How Reliable Are FOSS Popularity Metrics? Analyzing the Effort Required for Spoofing Common Software Popularity Metrics
For software engineering researchers and practitioners relying on FOSS metrics for ranking, dataset construction, or reward allocation, the paper shows that these metrics are easily manipulated, undermining their reliability.
The paper analyzes the spoofing effort required to manipulate common FOSS popularity metrics, finding that many categories (e.g., commit data, downloads, dependency relations) are manipulable with low to moderate effort, and identifies a sybil attack of over 70,000 spam packages on npm. The results suggest these metrics should be used with greater caution.

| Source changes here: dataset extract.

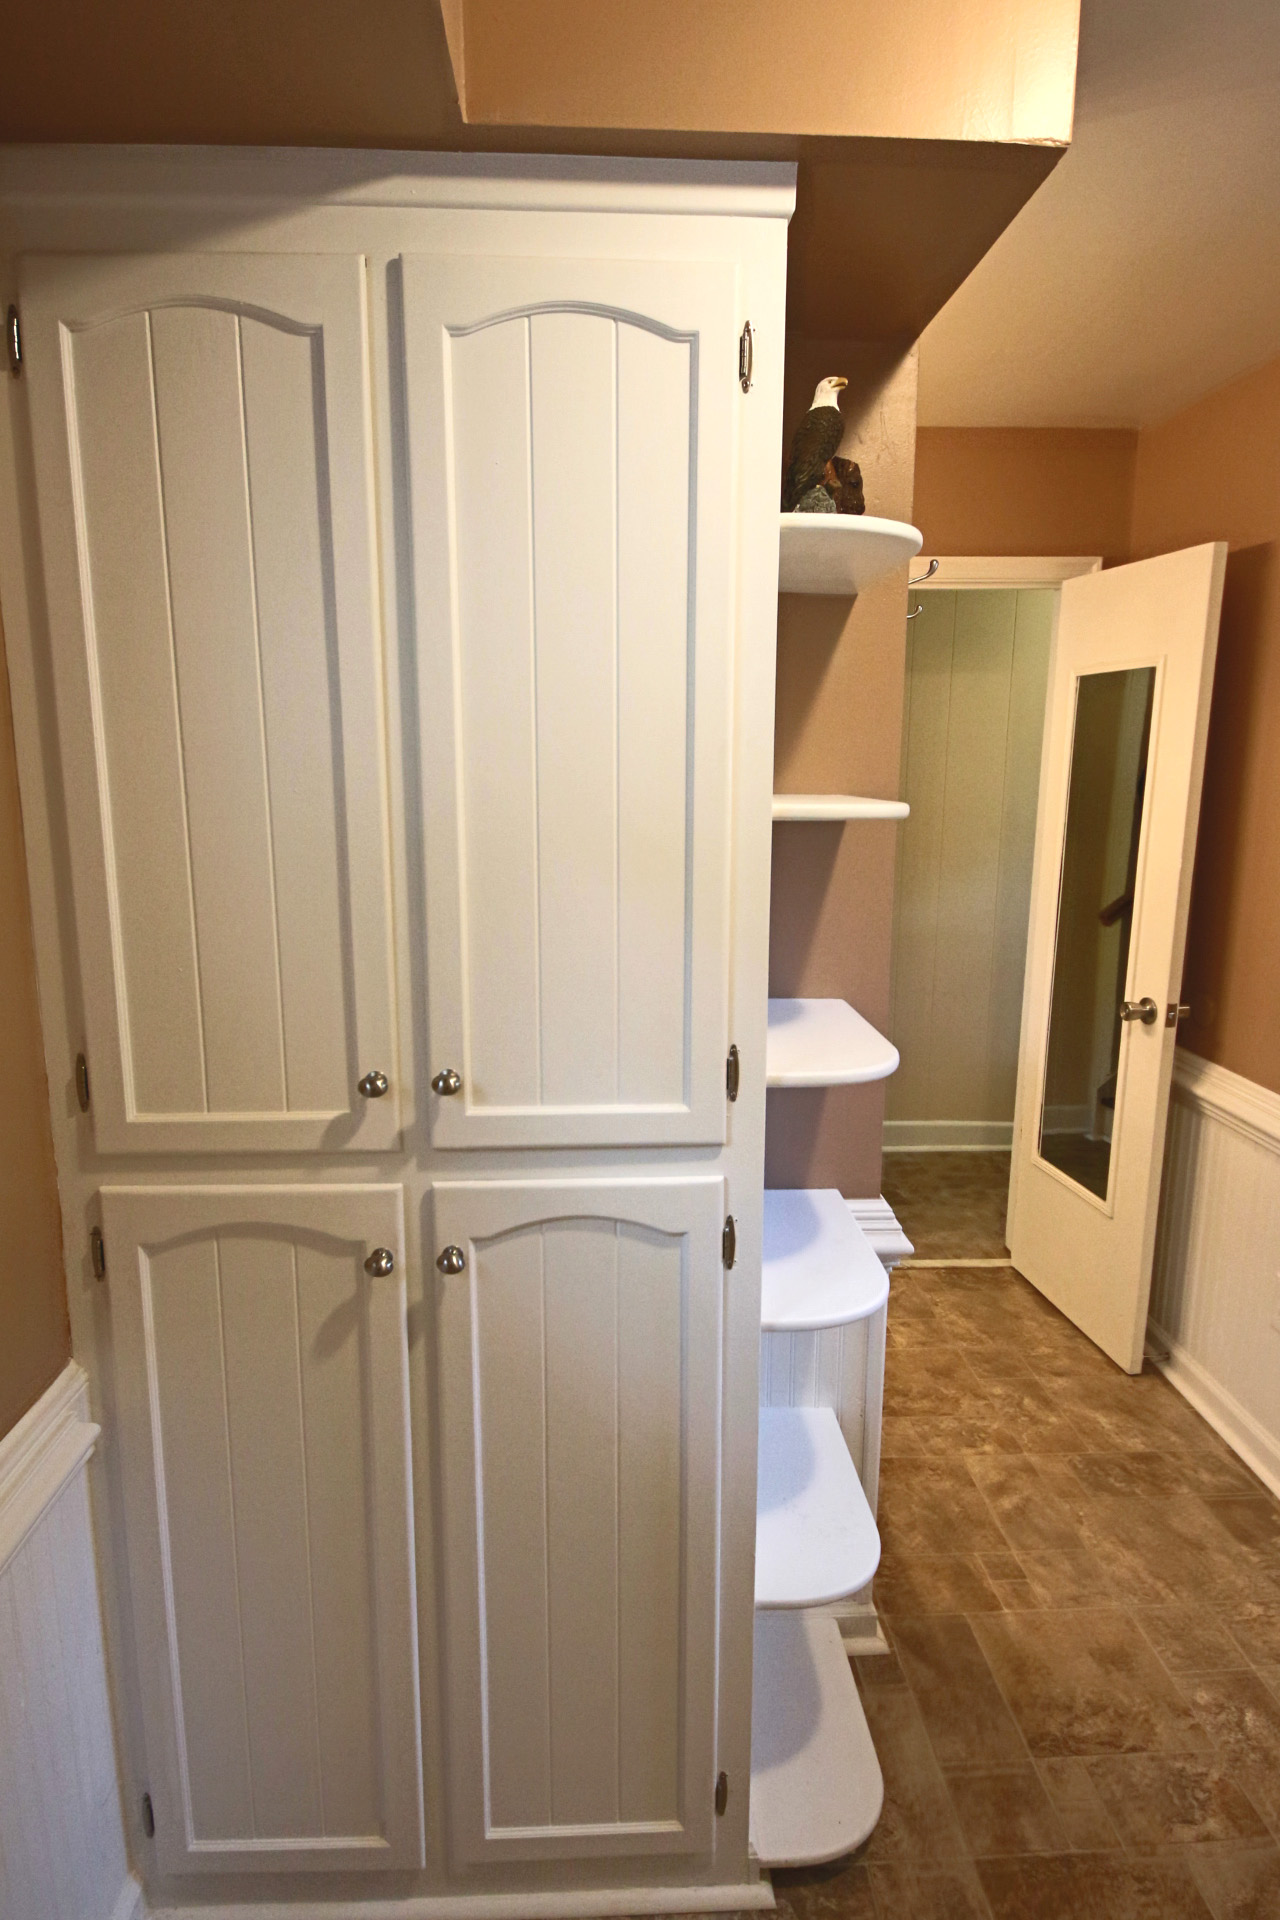 17. Downstairs Bathroom

Quantitative metrics derived from software repositories and package ecosystems are widely used to assess the impact, popularity, maintenance, and criticality of free and open source software (FOSS) projects. However, these metrics are often assumed to be reliable despite their potential susceptibility to manipulation. Prior empirical software engineering and security research deployed these in a variety of ways which assume they indeed capture project impact and popularity. Yet, the extent to which these underlying signals can be spoofed in practice, and the consequences this has for downstream uses of the metrics, has received little focused attention. To address this gap, the paper decomposes existing combined metrics into atomic metric categories, analyzes their spoofing effort under a maintainer-centered threat model, and investigates a real-world sybil attack on npm connected to an impact-based reward mechanism. The analysis finds that many metric categories, especially commit data, issue-tracker activity, downloads, repository contents, and dependency relations, are manipulable with low to moderate effort, and it identifies a sybil attack comprising more than 70,000 spam packages on npm. These results imply that quantitative FOSS metrics should be used with much greater caution in software engineering research and practice, particularly for ranking, dataset construction, and any allocation or evaluation process that turns metrics into optimization targets.